A redução de meios e o encerramento de postos de atendimento, geram uma ideia de distância entre as forças de segurança e a comunidade que importa de forma assertiva, inverter.

É neste quadro que, uma vez mais solicitamos um plano de reforço dos meios da Polícia de Segurança Pública para a Freguesia de Moscavide e Portela que vá ao encontro das nossas necessidades e acima de tudo, cumpra o acordo celebrado entre a Administração Central e a autarquia.
A freguesia e a comunidade não podem nem querem esperar pelo aumento do número de ilícitos ou do nível de criminalidade para que sejam tomadas iniciativas concretas em matéria da proteção de pessoas e bens.

Exigimos o aumento dos efetivos, mas também a disponibilização de meios de patrulhamento que garantam uma polícia de proximidade que contribua não só para a redução da pequena criminalidade, mas também para o aumento da perceção de segurança que valorize o território e aumente a qualidade de vida dos nossos cidadãos.

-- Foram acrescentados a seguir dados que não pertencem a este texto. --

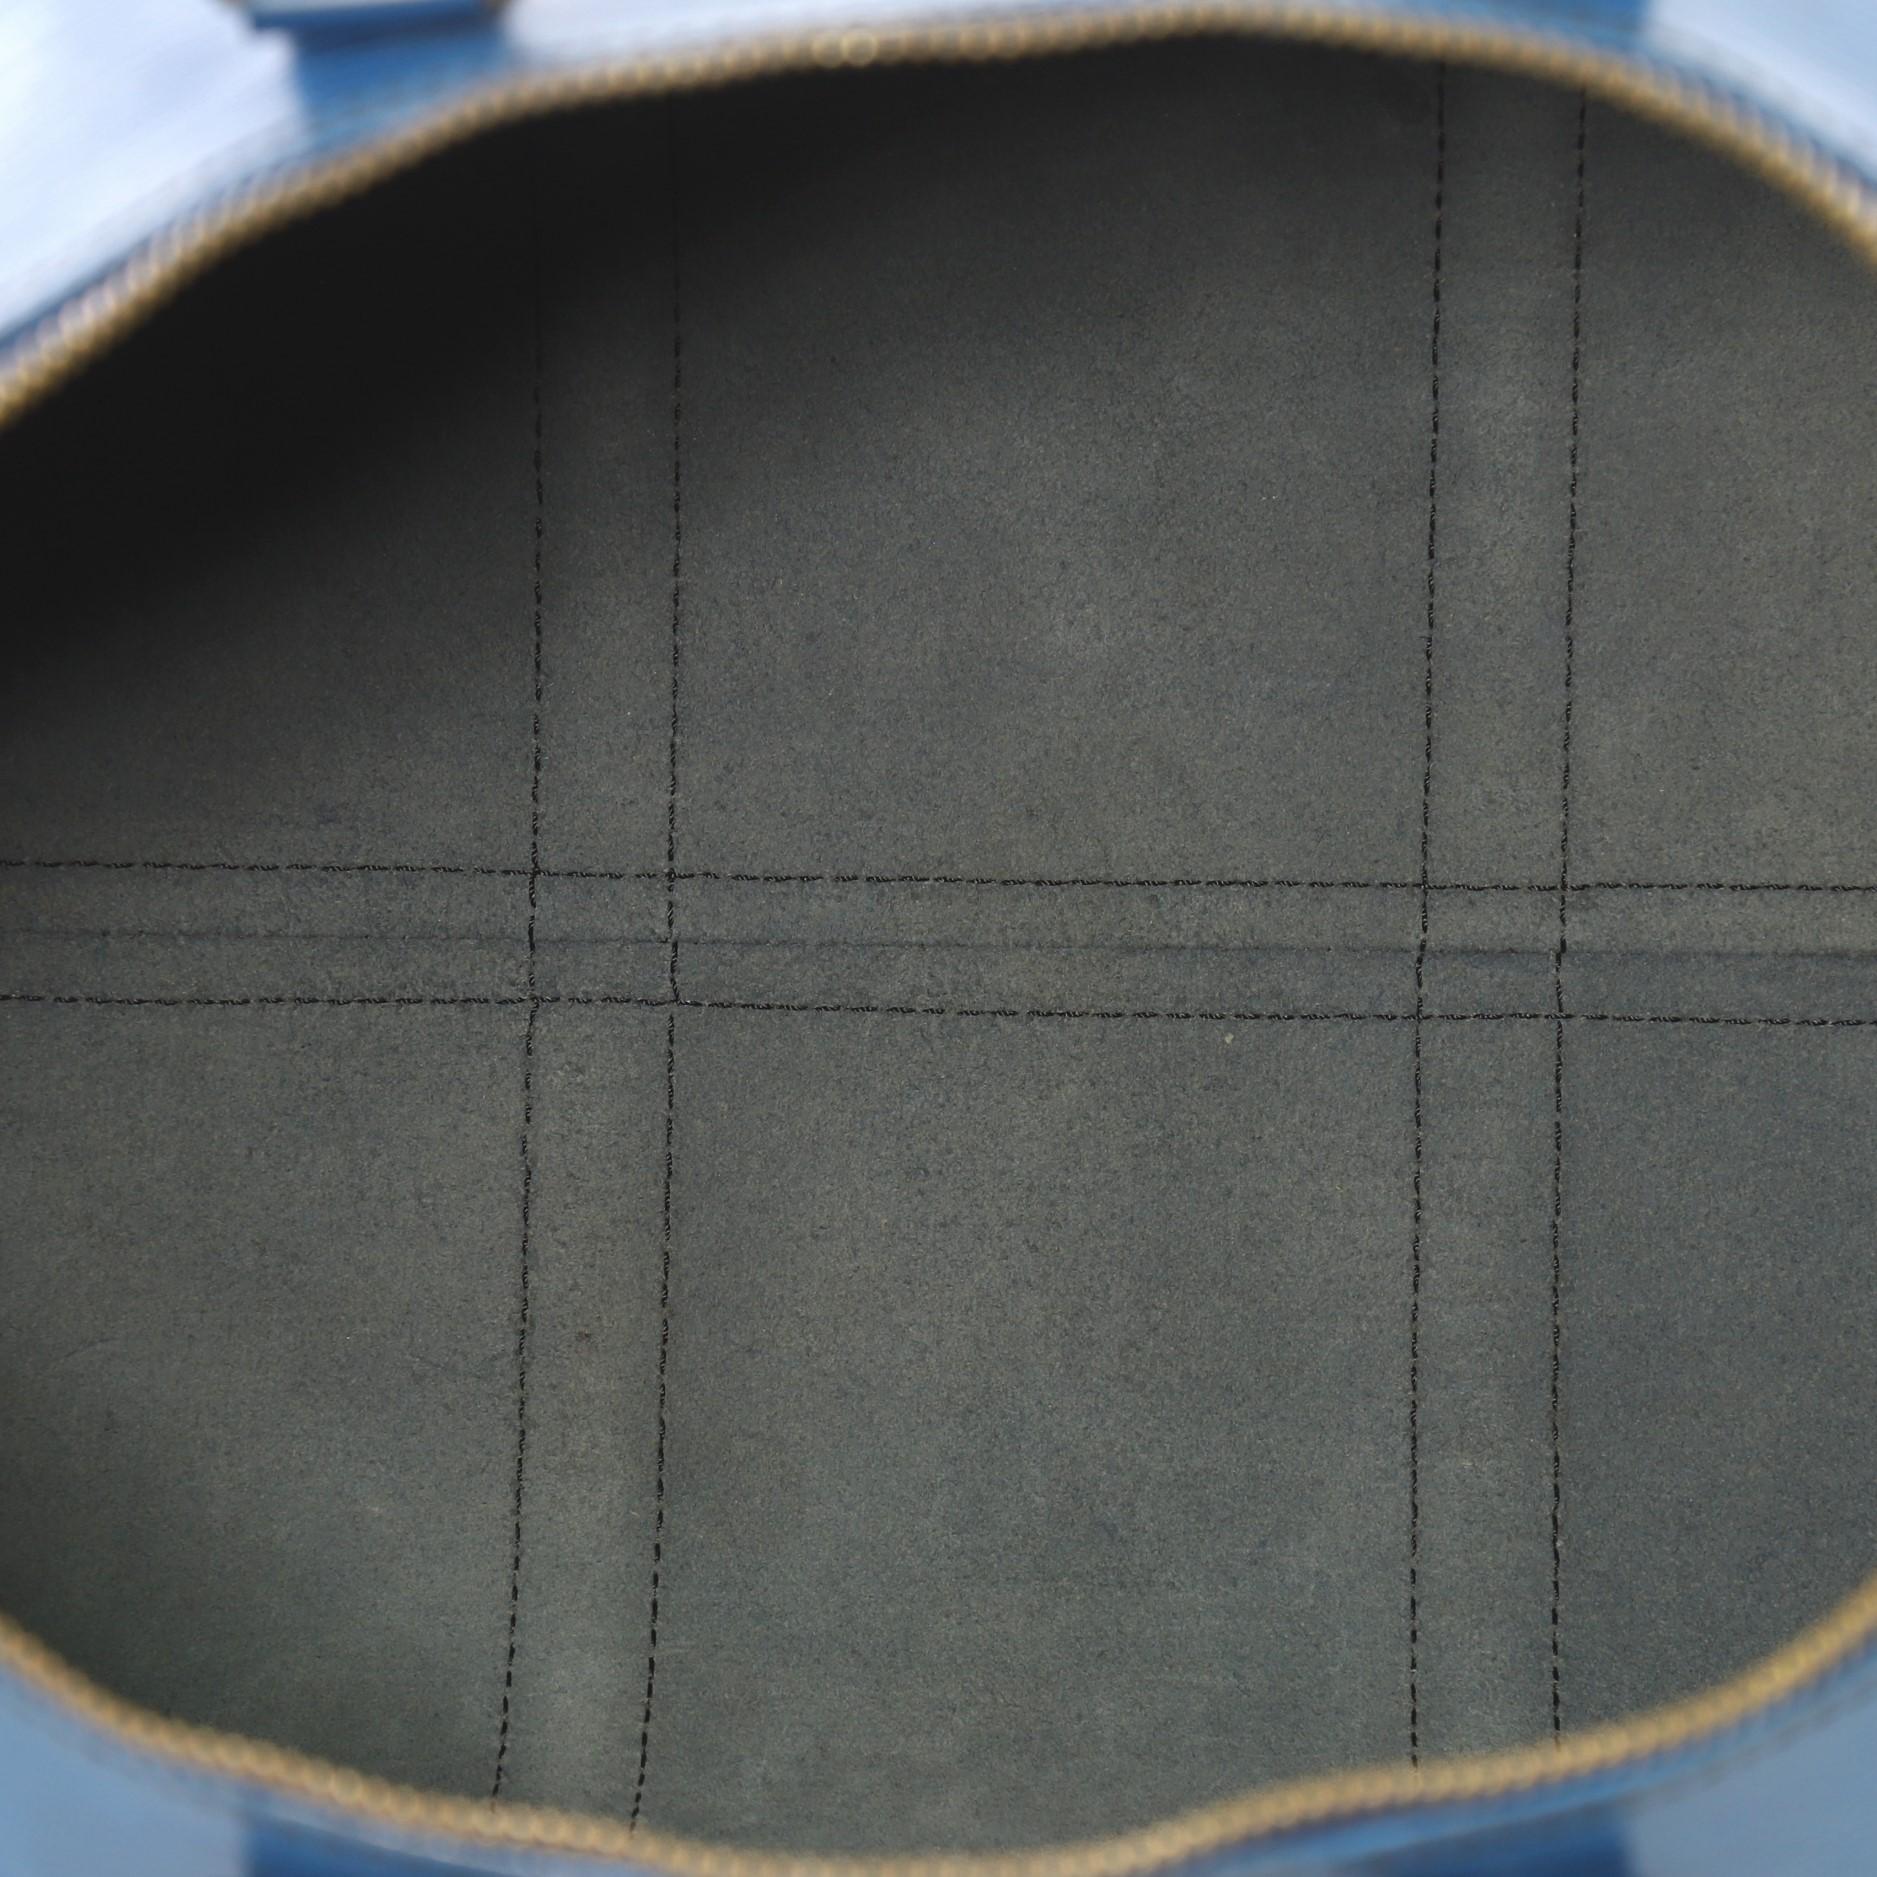 Louis Vuitton Keepall Bag Epi Leather 45 4

Apesar de Moscavide e Portela continuarem a ser territórios que se podem considerar como seguros, não é menos visível que ao longo do tempo e desde o encerramento da esquadra de Moscavide da PSP em 2013, as pessoas se sentem mais desconfortáveis e se tem visto um aumento de ilícitos que poderão ser considerados como um sinal efetivo do crescimento da pequena criminalidade a que importa responder de forma urgente e ajustada.

Assim, Sr. Ministro:

A Junta de Freguesia de Moscavide e Portela vem, uma vez mais, exigir que o quadro de efetivos policiais destacados na Esquadra de área da PSP seja significativamente reforçado para o nível proposto em 2013. Que os recursos materiais, nomeadamente veículos, sejam disponibilizados para que a missão da Polícia de Segurança Pública seja efetiva no território da freguesia, investindo no policiamento de visibilidade, proximidade e prevenção.

Que o posto de atendimento situado no Comando Metropolitano da PSP de Lisboa tenha o seu horário alterado indo ao encontro das necessidades dos cidadãos e adote uma postura de maior proximidade com a comunidade fazendo assim um mais acertado uso dos meios já existentes.